» **TASK PROMPT**: Starting at the line with "Valletta Cruise Port", retype each line exactly up to and including the final line of the records below.

[Opening INFORMATION PROVIDED section]

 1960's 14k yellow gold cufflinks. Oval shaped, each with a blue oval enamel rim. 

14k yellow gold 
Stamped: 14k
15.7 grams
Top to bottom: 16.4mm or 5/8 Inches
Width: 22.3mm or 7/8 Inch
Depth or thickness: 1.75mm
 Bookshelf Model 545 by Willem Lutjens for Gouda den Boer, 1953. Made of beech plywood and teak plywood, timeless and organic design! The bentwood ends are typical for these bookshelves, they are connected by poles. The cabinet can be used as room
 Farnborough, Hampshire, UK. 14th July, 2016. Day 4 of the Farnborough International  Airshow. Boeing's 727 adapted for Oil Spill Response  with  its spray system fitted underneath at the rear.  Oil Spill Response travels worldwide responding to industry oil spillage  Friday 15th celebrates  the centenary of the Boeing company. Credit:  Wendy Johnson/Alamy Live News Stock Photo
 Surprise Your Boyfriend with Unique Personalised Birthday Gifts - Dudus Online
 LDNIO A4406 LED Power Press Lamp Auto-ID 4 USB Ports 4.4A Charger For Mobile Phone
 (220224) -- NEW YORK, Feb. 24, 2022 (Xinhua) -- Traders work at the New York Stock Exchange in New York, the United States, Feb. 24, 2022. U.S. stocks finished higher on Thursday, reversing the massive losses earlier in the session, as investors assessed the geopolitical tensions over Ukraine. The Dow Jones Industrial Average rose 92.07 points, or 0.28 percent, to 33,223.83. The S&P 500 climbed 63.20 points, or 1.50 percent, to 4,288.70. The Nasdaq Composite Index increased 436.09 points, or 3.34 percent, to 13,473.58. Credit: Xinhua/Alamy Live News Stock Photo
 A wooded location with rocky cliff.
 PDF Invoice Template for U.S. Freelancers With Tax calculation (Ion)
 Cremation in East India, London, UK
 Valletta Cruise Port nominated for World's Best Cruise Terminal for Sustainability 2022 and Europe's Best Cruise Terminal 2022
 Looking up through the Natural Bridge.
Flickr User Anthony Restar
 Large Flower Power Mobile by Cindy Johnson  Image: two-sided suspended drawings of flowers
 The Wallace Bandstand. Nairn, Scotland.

[Closing INFORMATION PROVIDED section]

» **EXERCISE ANSWER**:
 Valletta Cruise Port nominated for World's Best Cruise Terminal for Sustainability 2022 and Europe's Best Cruise Terminal 2022
 Looking up through the Natural Bridge.
Flickr User Anthony Restar
 Large Flower Power Mobile by Cindy Johnson  Image: two-sided suspended drawings of flowers
 The Wallace Bandstand. Nairn, Scotland.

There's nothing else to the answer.